Based on photos of this Santa Cruz band, I’d question whether or not any of them were of legal drinking age. Whatever. The dudes in The Faceless all look like babies, too, and The Faceless are fucking amazing.
And if you like The Faceless, I’d wager you wil like Son of Aurelius.
This is progressive tech-death of the highest order. I’m already drooling over thoughts of a utopian future in which The Faceless, The Binary Code, and these dudes all tour together.
Bassist Max Zigman apparently went to Berklee, which doesn’t surprise me. All of these dudes can play the shit out of their respective instruments.
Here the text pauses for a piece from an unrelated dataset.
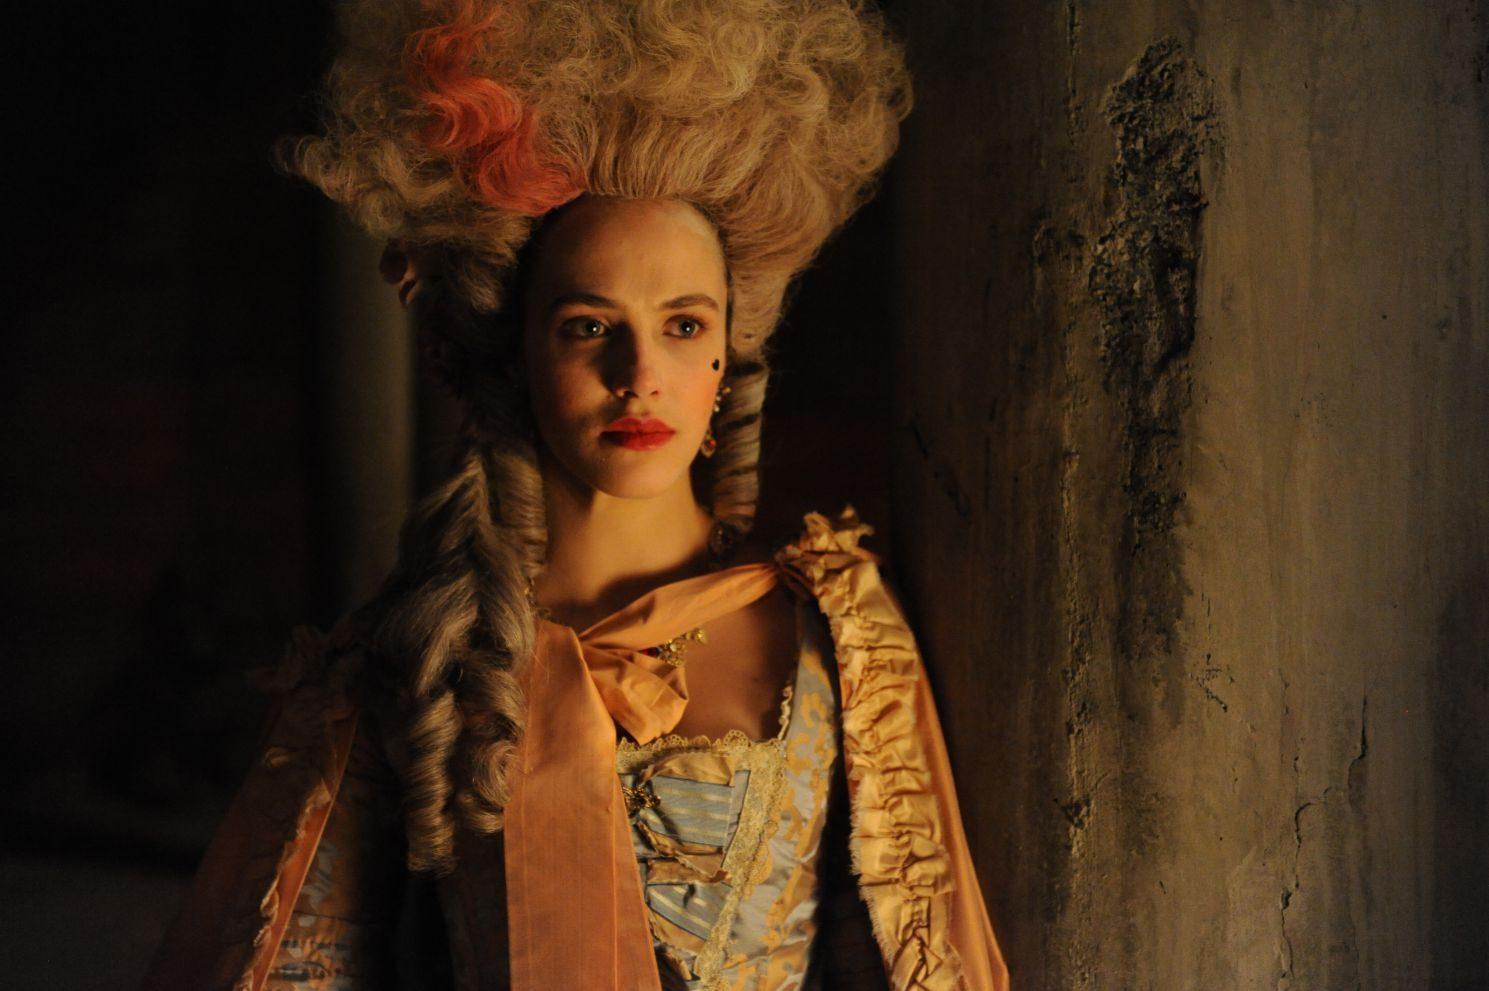 FOX PREMIUM - HARLOTS - Jessica Brown Findlay es Charlotte Wells
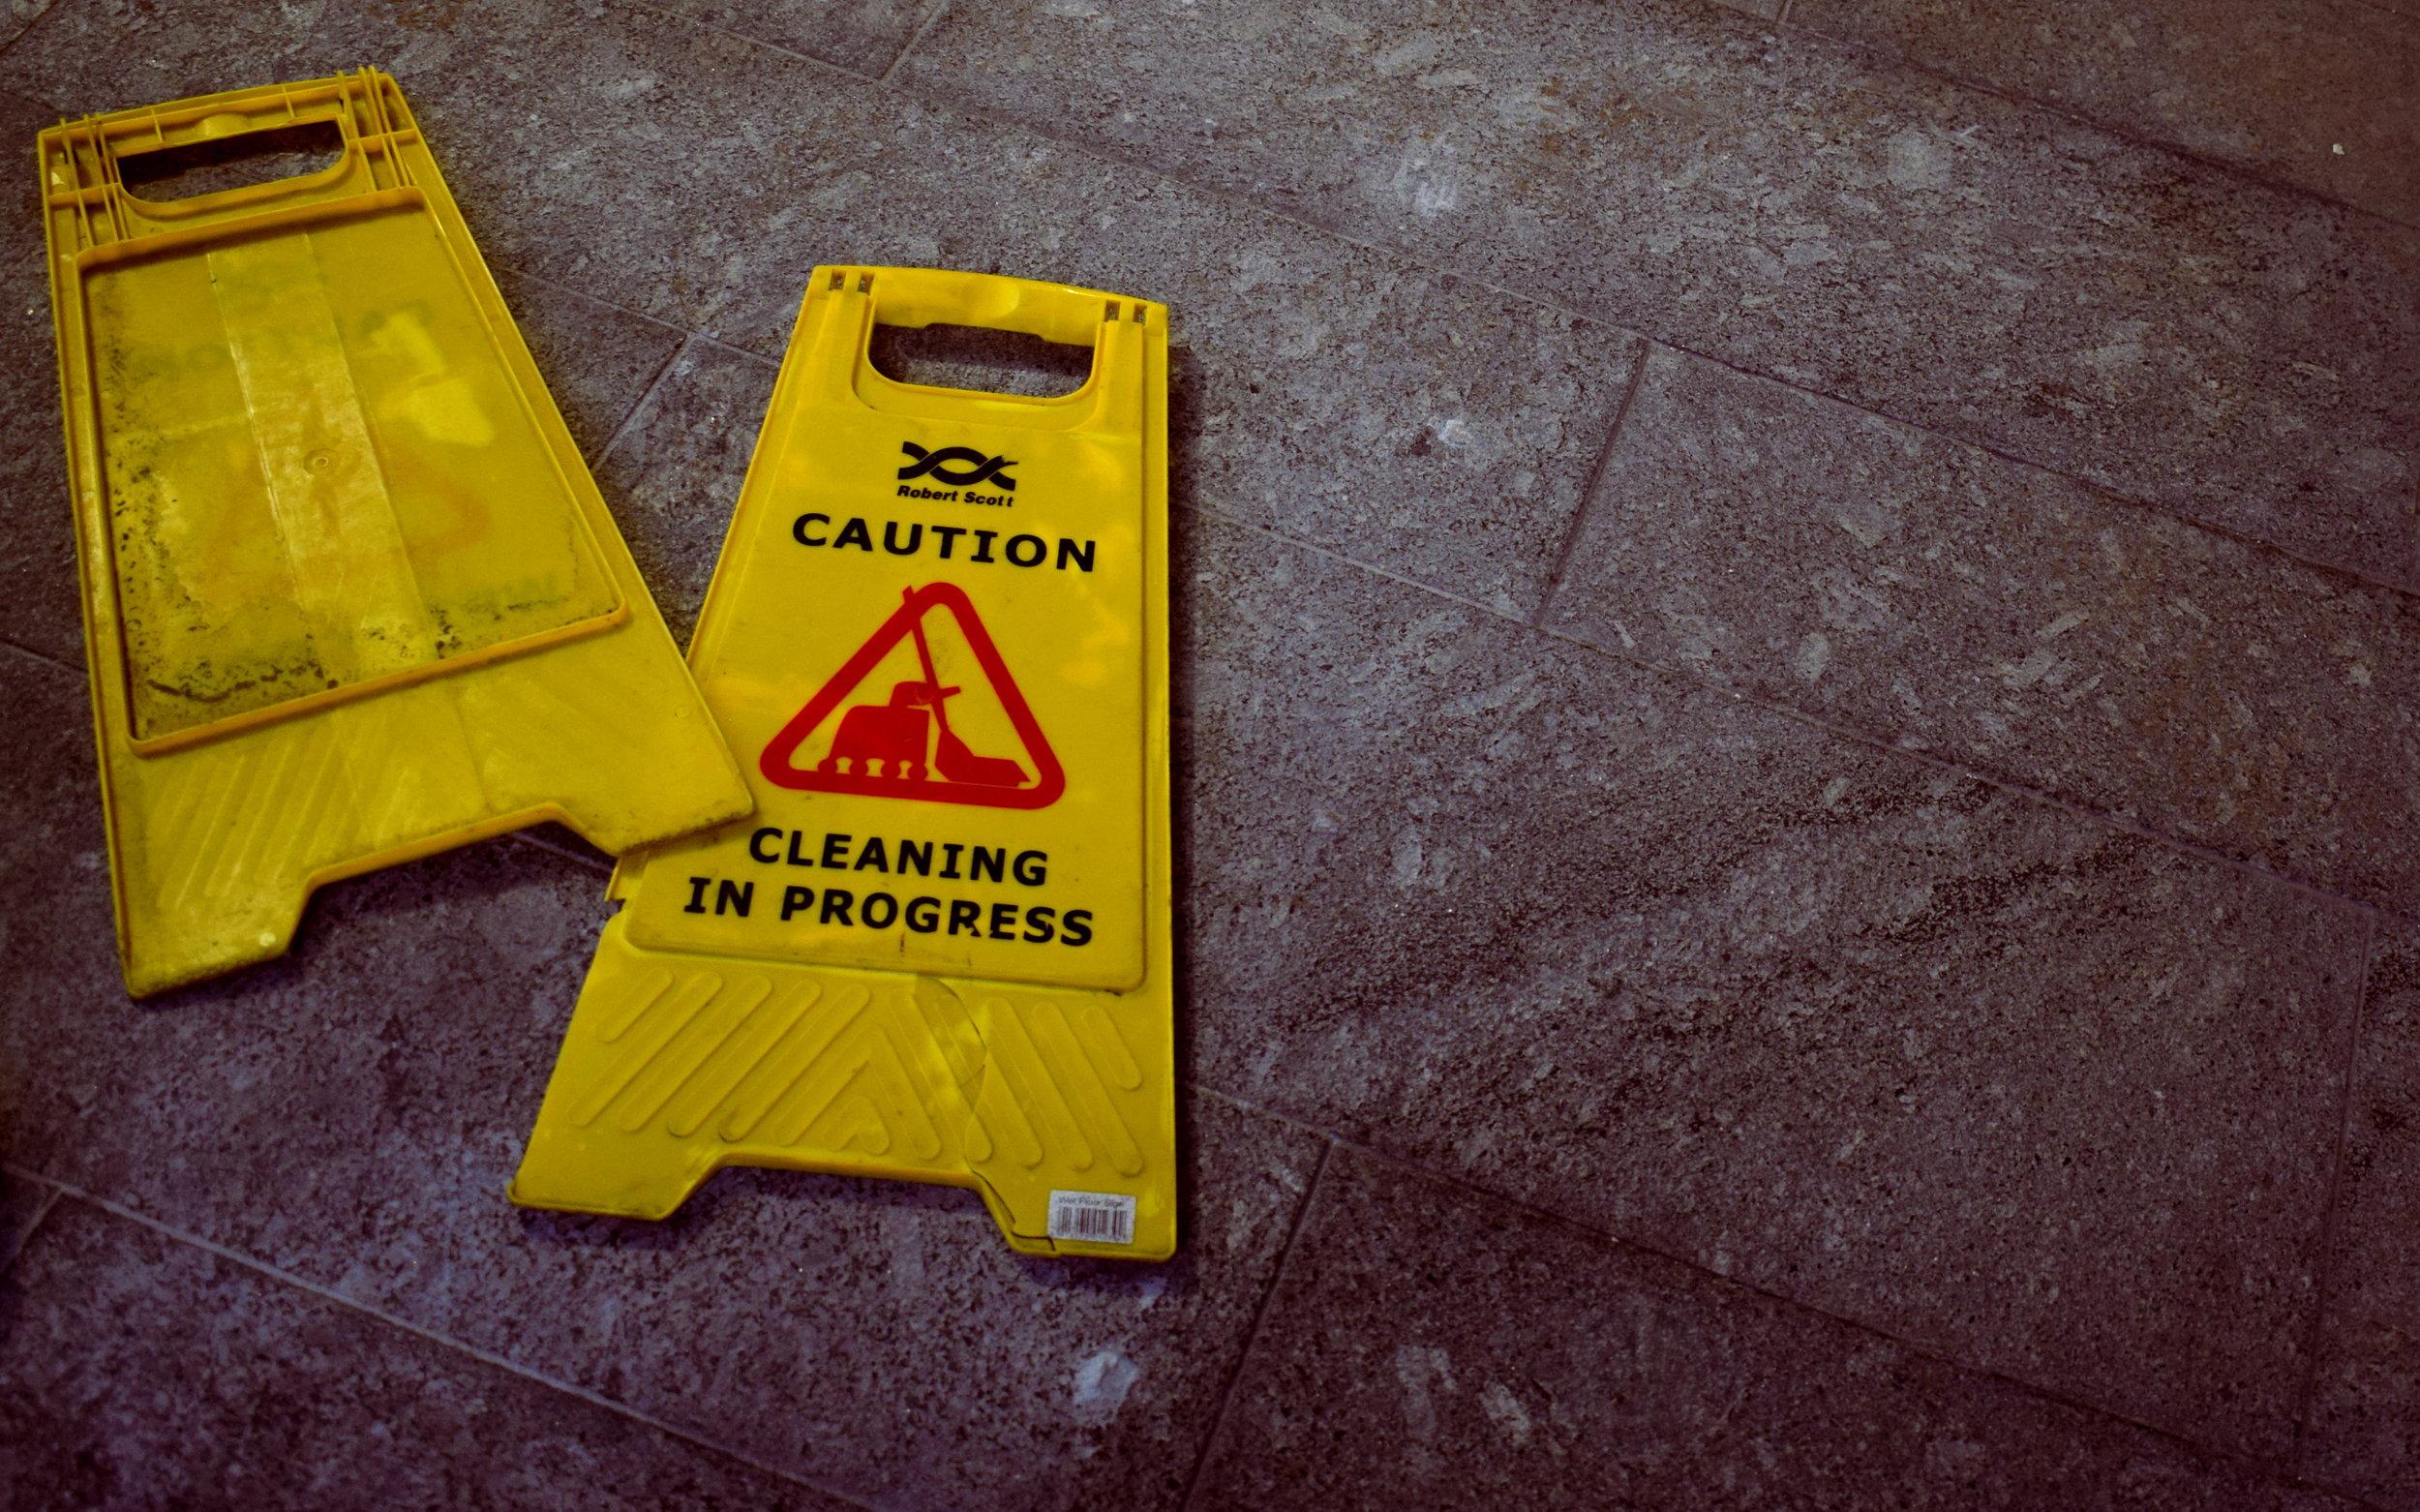 Premises Liability -

But like the aforementioned bands, Gorod, or Origin, this band hasn’t substituted deedily-doo for actual songwriting. These are songs you’ll remember long after they’ve stopped playing. Not that you’ll want them to stop playing.
- The guitarists are named Chase Fraser and Cary Geare.
- Both of those names start with a verb and end with a noun.
- If SOA falls apart they can start an easy-listening acoustic band called “Chase N’ Cary.”
- “Cary Geare” must be a terrible name to have at load-in and load-out.
This band is unsigned, which is ludicrous. When I think of some of the young, newly signed bands I’ve heard as of late… it really just bonkers. Giant piece of fruit falling from the sky and landing on an old lady BONKERS.
Please check out this band. They apparently have an album called Myocardial Infraction, which is kind of a hilarious name for a metal record. I’m gonna go give it a whirl.